In those instances where pairs of attachment regions may be spaced at different spacing lengths, any suitable spacing length may be used to facilitate the printing process to connect the yarns to the substrate. In some embodiments, the length of the space between different pairs of attachment regions may be reduced, as further characterized below. In some embodiments, the length of the space between different pairs of attachment regions may be increased, as further characterized below.

In those instances where the length of the space between different pairs of attachment regions may be reduced, any suitable length of space may be used to facilitate the printing process to attach the yarns to the substrate. In one embodiment, the spacing length may be reduced such that adjacent attachment regions abut. Referring to fig. 20 and 21, the fourth attachment region 2116 may be formed by a fourth step 2016 of lowering a nozzle and the fifth attachment region 2118 may be formed by a fifth step 2018 of lowering a nozzle. In this example, fourth step 2016 and fifth step 2018 may be spaced apart by a spacing length 2004. Thus, the fourth and fifth attachment zones 2116, 2118 may be contiguous, and the third and fourth attachment zones 1914, 2116 may be contiguous, while the second attachment zone 1912 is spaced apart from the third attachment zone 1914 by a first spacing 1924 (see fig. 19). In some embodiments, the spacing length may be reduced such that adjacent attachment regions are spaced apart. For example, the fourth step 2016 and the fifth step 2018 may be spaced apart by a spacing length such that the fourth attachment region 2116 and the fifth attachment region 2118 may be spaced apart by a second spacing (not shown). In other embodiments, the spacing length may be reduced differently.

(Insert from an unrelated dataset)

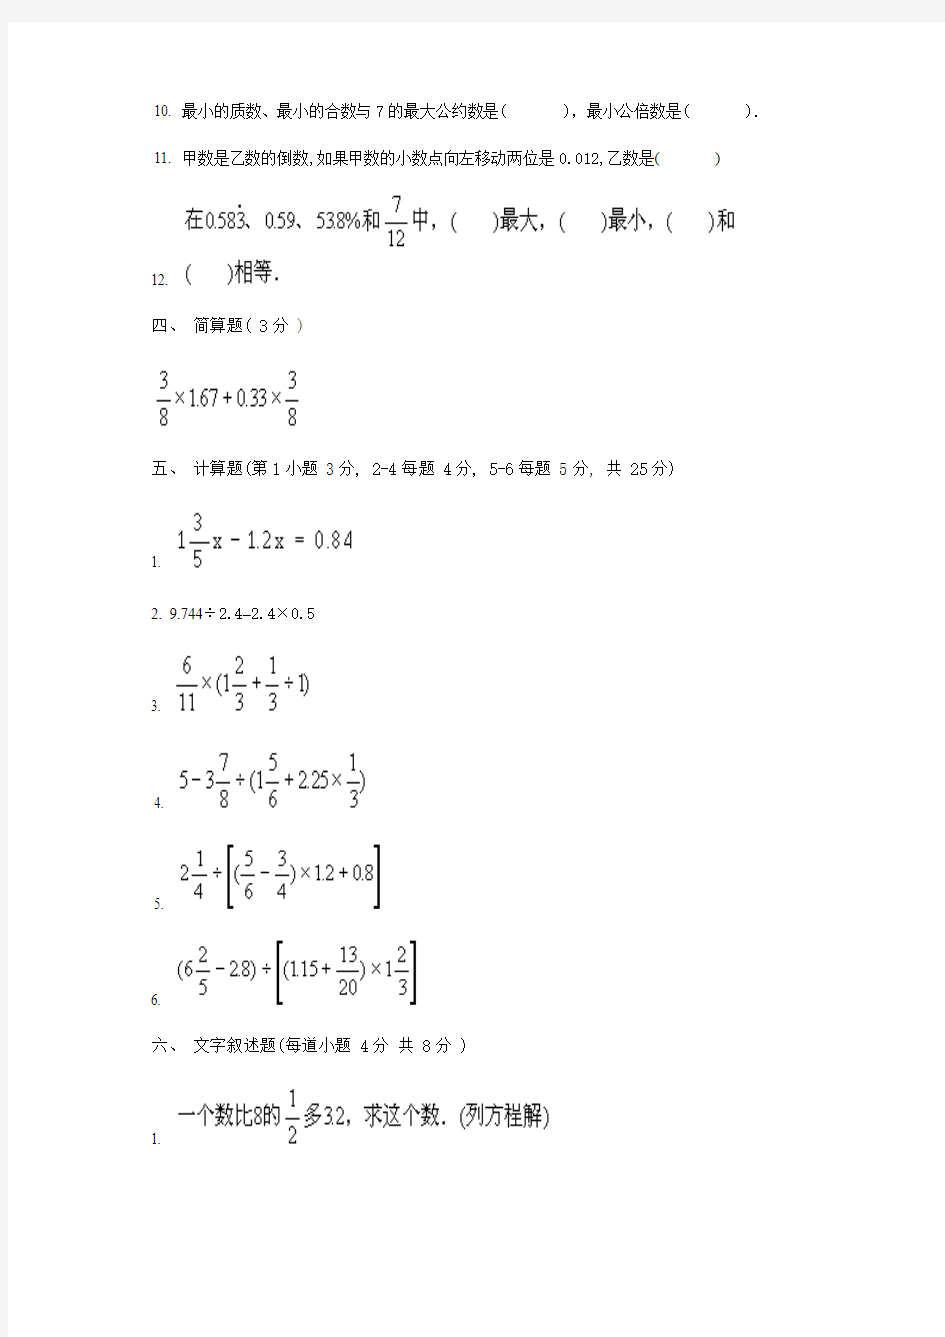 2012南京市某中学小升初入学考试数学题库

In some embodiments, multiple pairs of attachment regions may be formed using different separation distances. Referring to fig. 20, a separation distance 1806 may be used during a second step 1812 of lowering the nozzle to form a second attachment zone 1912. In this example, the separation distance 2006 may be used during a fourth step 2016 of lowering a nozzle to form a fourth attachment region 2116. In other embodiments, multiple pairs of attachment regions may be formed using a single separation distance.

In those embodiments where the continuous segments extend between the attachment zones, the continuous segments may span any suitable length between the attachment zones to facilitate attachment of the yarns to the substrate. In some embodiments, the continuous segments may span between attachment zones that are spaced apart by a single spacing length (see fig. 19). In other embodiments, consecutive segments may span between attachment zones spaced at different spacing lengths (see fig. 21).

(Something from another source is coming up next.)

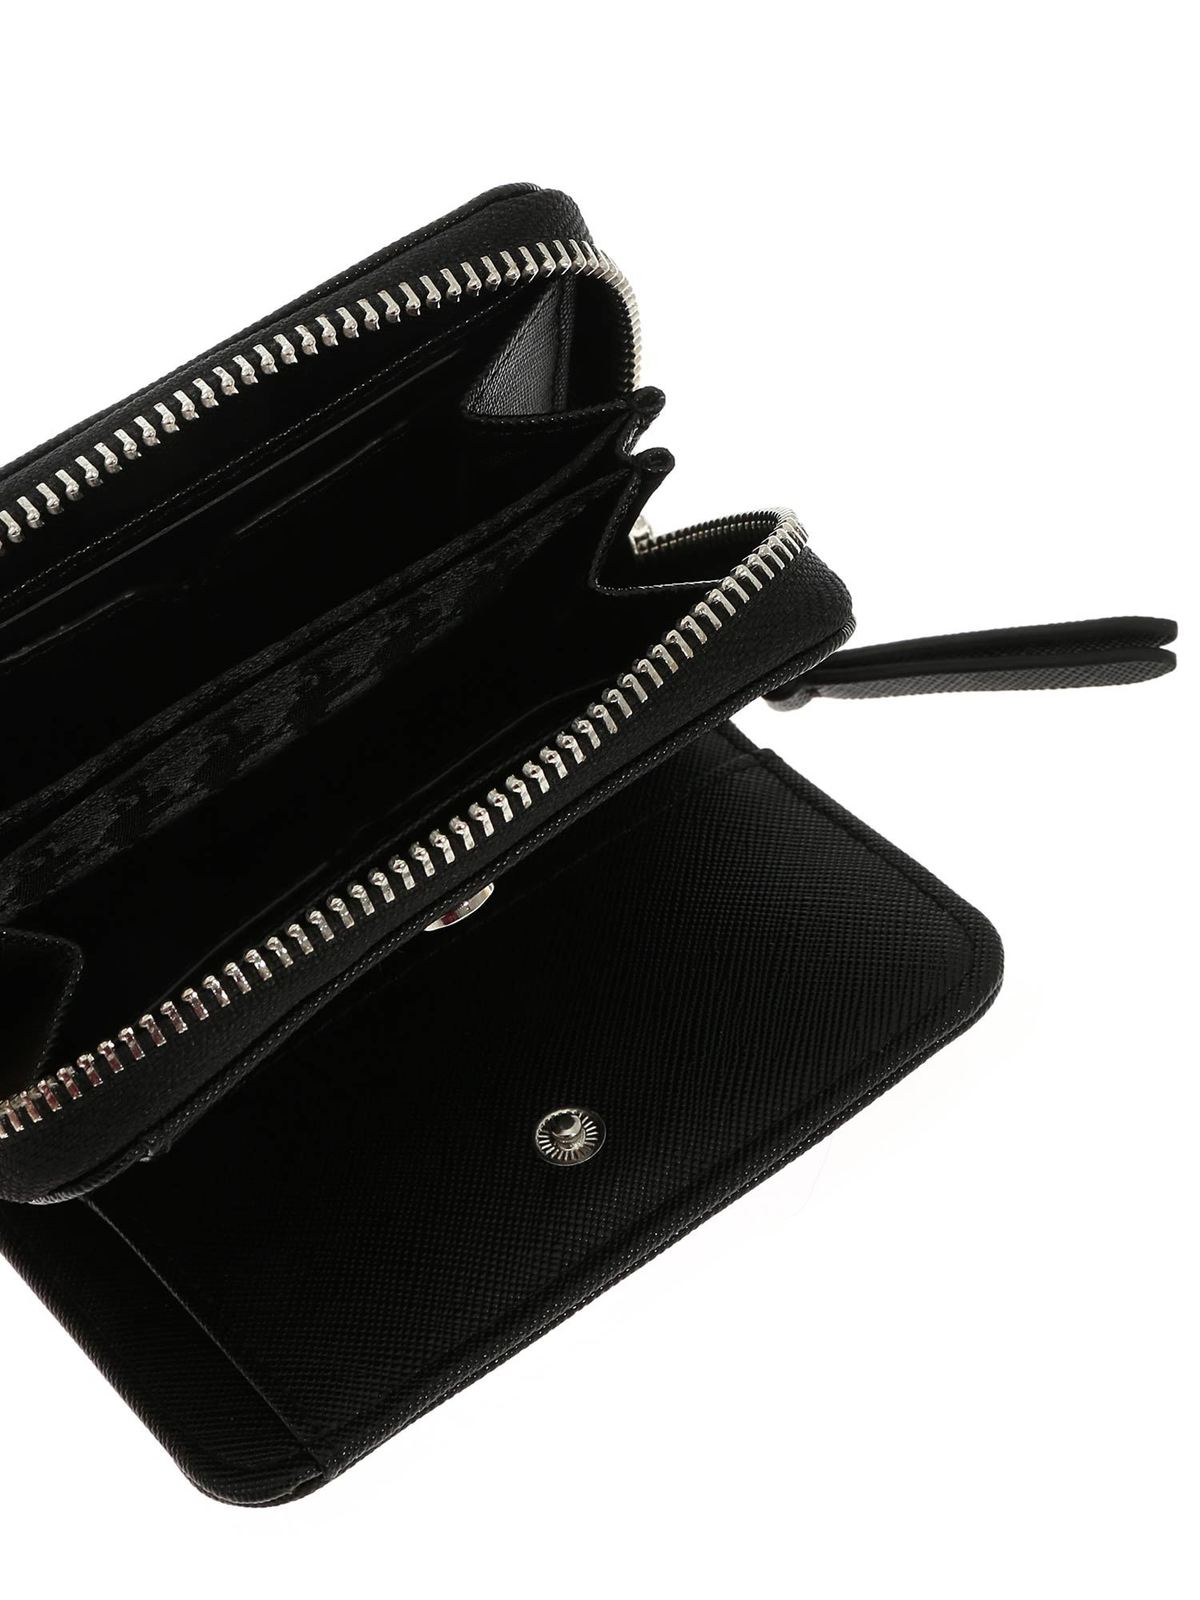 Wallets & purses Karl Lagerfeld - K Ikonik black wallet - 201W3202999

In those instances where the length of the space between different pairs of attachment regions may be increased, any suitable length of space may be used to facilitate the printing process to attach the yarns to the substrate. In one embodiment, the spacing length may be increased such that adjacent attachment regions are spaced apart by a length greater than the thickness of the substrate. Referring to fig. 22 and 23, fourth attachment area 2316 may be formed by fourth step 2216 of lowering the nozzle to attach yarn 1904. In this example, third step 1814 and fourth step 2216 may be spaced apart by a spacing length 2204. Thus, the third attachment zone 1914 and the fourth attachment zone 2316 may be spaced apart at a second spacing 2324, the second spacing 2324 being greater than the substrate thickness 2306. In other embodiments, the spacing length may be increased differently.

Some embodiments may include provisions that allow for slack in the yarn to facilitate molding the shape of the yarn attached to the substrate. In some embodiments, the separation distance between the nozzle and the substrate may be sized to facilitate the use of pillars. Referring to fig. 22, the separation distance 2206 may be less than a span 2326 of the yarn 1904 extending between the third attachment zone 1914 and the fourth attachment zone 2316. In this example, separation distance 2206 may allow for slack in yarn 1904 to facilitate molding the shape of the yarn attached to the substrate. In other embodiments, the separation distance between the nozzle and the substrate may be differently sized.

In some embodiments, the yarns may extend along the base along any number of axes. In some embodiments, the yarns may extend along multiple axes of the substrate. Referring to fig. 24, the yarns 2402 may extend along the second axis 162 and may extend along the third axis 164 of the substrate 2406. In other embodiments, the yarns may extend in other directions.

In some embodiments, the attachment regions of the substrate may be arranged in different positions along any number of axes. In some embodiments, the attachment zones may be disposed in different positions along multiple axes of the substrate. Referring to fig. 24, the first attachment region 2410 extends over a first width location 2510 of the second axis 162 and the second attachment region 2412 extends over a second width location 2512 of the second axis 162. In this example, the first attachment region 2410 extends over a first length position 2520 of the third axis 164, and the second attachment region 2412 extends over a second length position 2522 of the third axis 164. In other embodiments, the attachment region of the substrate may be disposed in other locations.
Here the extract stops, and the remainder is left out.